An Easier Alternative

Since 2016, Steelcase has developed a carefully-curated collection of some of the world’s most iconic design brands to offer a wide variety of aesthetics and prices. Companies like West Elm, FLOS and Bolia are all available with the ease and reliability of the Steelcase distribution network.

Steelcase dealer McCoy-Rockford, based in Houston, came to the project with tremendous experience in the region. They worked closely with Steelcase to offer their client an alternative solution — one that mitigated risk and met their design expectations.

“Once the client and design firm realized we could provide everything they needed to keep the design in tact down to the very last details and do it all with one family of brands instead of 50, saving them time and money, their decision was clear,” says Ken Beaver, president and CEO, McCoy-Rockford.

Because it all would come from Steelcase, everything would ship together. It would arrive at the same time, be color coded by floor and go directly from the truck to where it would live. The calculated savings in time and money rang in at about $1 million.

“We know choice is key in creating inspiring, informal spaces where people want to work,” says Shapland. “But, that shouldn’t mean you have to pay more or spend more time tracking down details and logistics.”

Behind-the-Scenes of Simple

What sounds simple has taken years of work behind-the-scenes.

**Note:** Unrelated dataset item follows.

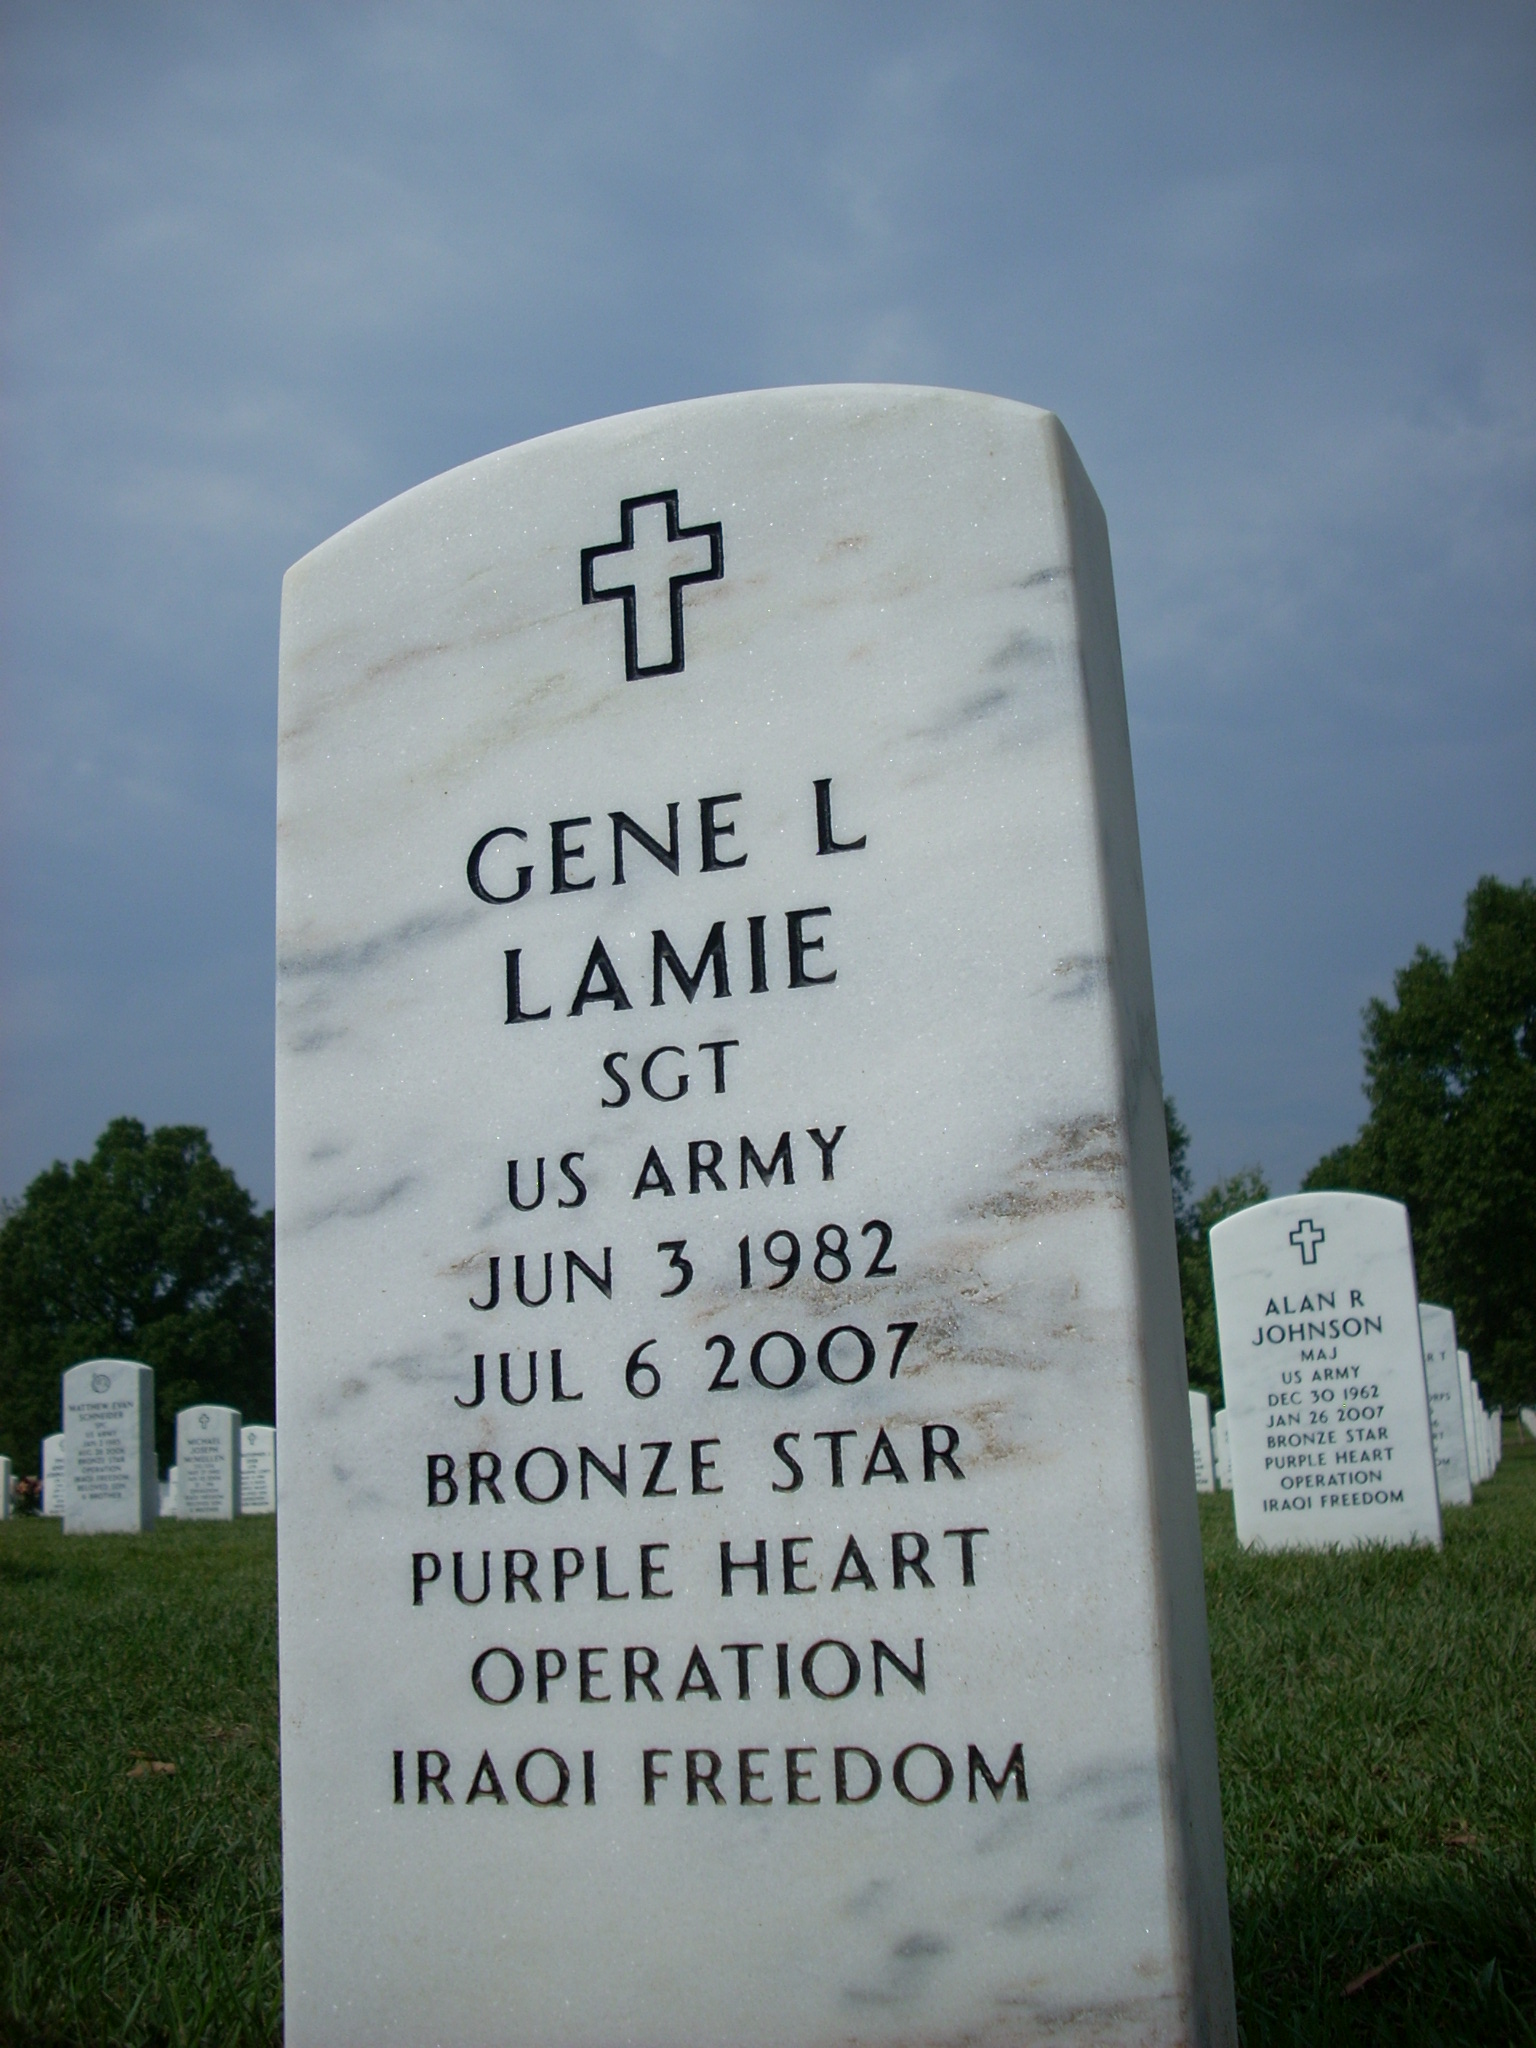 gllamie-gravesite-photo-august-2007-001

“It starts with an infrastructure that allows our dealers to order and schedule partner products just like they do Steelcase products,” says Brad Vernier, vice president, Steelcase global order fulfillment. “Before launching a new partner, teams are busy working with the partner to collect product data so that order entry functions correctly, dealers receive their order acknowledgments and everything else that they expect.”

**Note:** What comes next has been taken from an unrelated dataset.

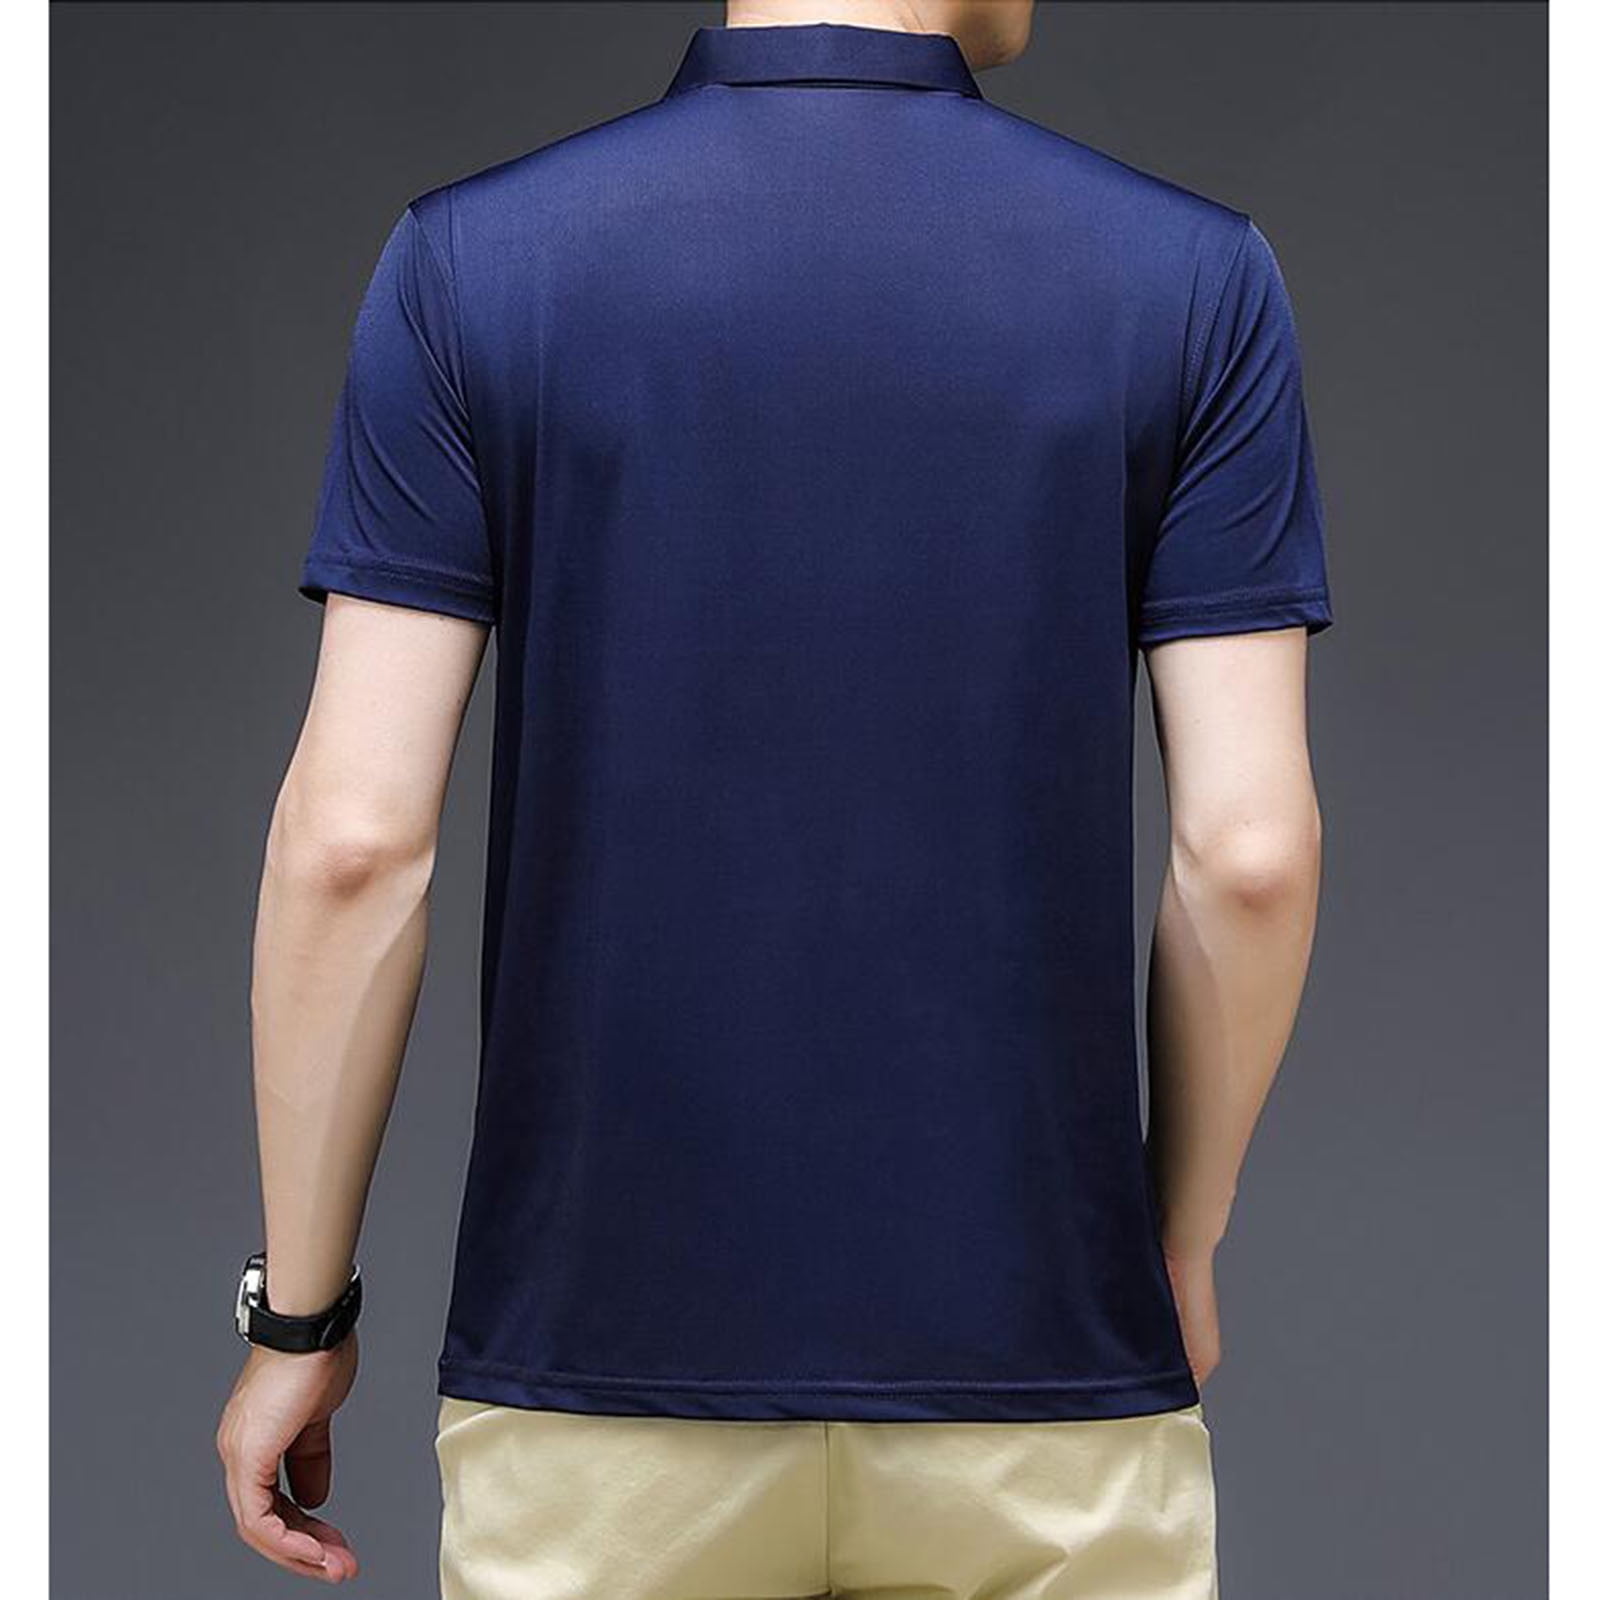 B91xZ Mens Shirts Casual Stylish Men's Short Sleeve Plaid Shirts

Before any orders are entered, there needs to be a way to capture key data from all of the partners and their products. They need packaging information, dimensions and weight in addition to pick-up and delivery information. They also need site information like is there a loading dock and equipment available? Each piece of data is crucial.

“Every single partner has a project manager that’s asking the right questions to find any gaps that might exist in the logistics and fill them. It’s those small gaps that keep us up at night.”

Jill BoundsSteelcase Lean-Quality Manager

The operations team has daily meetings before launch. Then, weekly check-ins and monthly reviews. They address anything they didn’t anticipate and continue to monitor and learn throughout the early phases of ordering.

“We learn and test with small shipments to our facilities before launching to all our customers, so we know we’re ready to deliver,” said Bounds.

Following order entry, scheduling and data collection, there’s logistics planning. More than a century of experience allows operations teams to track weather, traffic, webcams, social media and news events to identify, predict and solve problems before they happen. Regional distribution centers allow teams to adjust so customers don’t have to. They manage 3,000 customer deliveries weekly and 150,000 products daily to 78,000 customers around the world. They do it with a near-perfect complete shipment rate of 99.93 percent.

Once the customer has what they need, the team isn’t done. They coordinate any warranty or after sale claims. Different partners have different agreements. But, the Steelcase team makes sure it’s easy to know who to call and how to resolve any questions.

Creating something simple is not easy. But, when the goal is to help people have a better day at work, it’s essential because design and delivery go hand-in-hand.